After the end of World War I in the balcans, he continued to work as headmaster of the Gymnasium in Berane. In the early 1920s, he was appointed inspector of the Department for Education of Zetska Oblast. In 1926, he reached the height of his career when he was appointed director of the National Museum of Montenegro in Cetinje. After ten years of work at museum, he retired and moved to Belgrade, where he lived until his death.

Vuksan's scientific achievement was the systematic search, analysis, collection, compilation and publication of historical documents from many archives and libraries in Montenegro, Kosovo and Serbia.
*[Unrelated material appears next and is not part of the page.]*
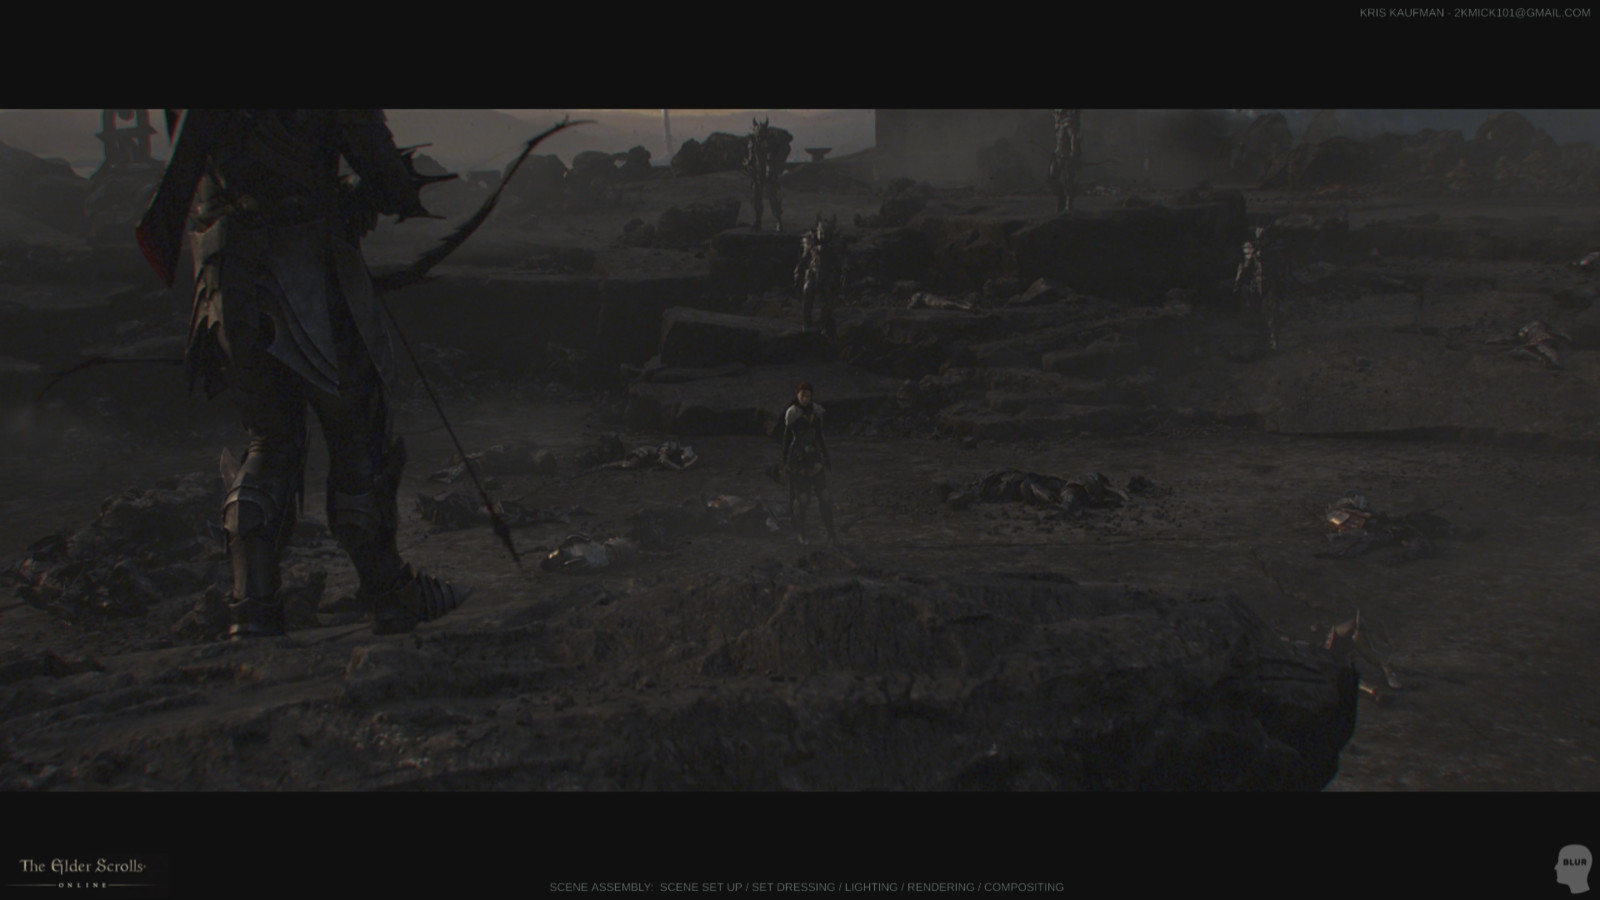 The Elder Scrolls Online: Set Dressing / Lighting / Rendering / Compositing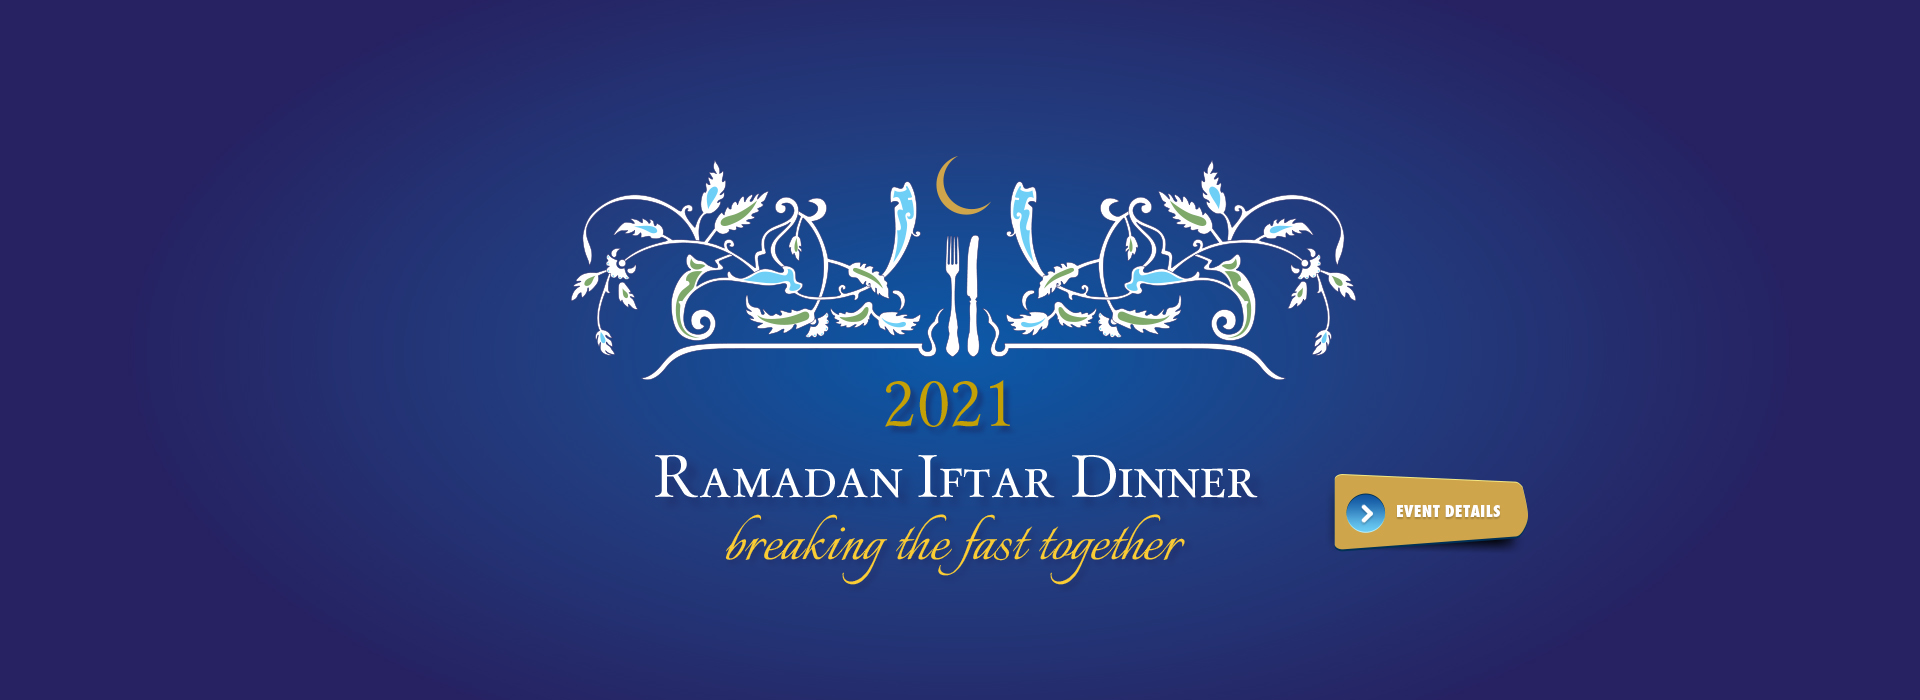 Ramadan-Iftar-Home-Slide-2021

He was the editor of the scientific journal Zapisi from 1927 to 1941. Many of his articles have also been published in other periodicals of this time.

==Bibliography (selection)==
- Spisak ktitora i priložnika manastira Cetinjskog (List of Founders and Donors of the Cetinje Monastery), Cetinje 1927
- Dolazak Sima Milutinovića u Crnu Goru (Arrival of Sima Milutinović in Montenegro), Cetinje 1931.
- Vjerovanje u vampire (The Belief in Vampires), Belgrade 1931.
- Pedeset godina Cetijnske gimnazije: 1880/81-1930/31 (Fifty Years of Cetinje's Gymnasium: 1880/81-1930/31), Cetinje 1932.
- Zapisi i natpisi Peći i Cetinja (Documents and Inscriptions of Peć and Cetinje), Skoplje 1935.
- Metropolit crnogorski Petar I i Atanasije Stojković, Belgrade 1935.
- Crnogorske finansije u XVII. i XIX. vijeku: 1723-1883 (Montenegrin Finances in the 18th and 19th Century: 1723-1883), Cetinje 1936.
- Petar I. Petrović Njegoš i njegovo doba (Petar I Petrović-Njegoš and His Times), Cetinje 1951.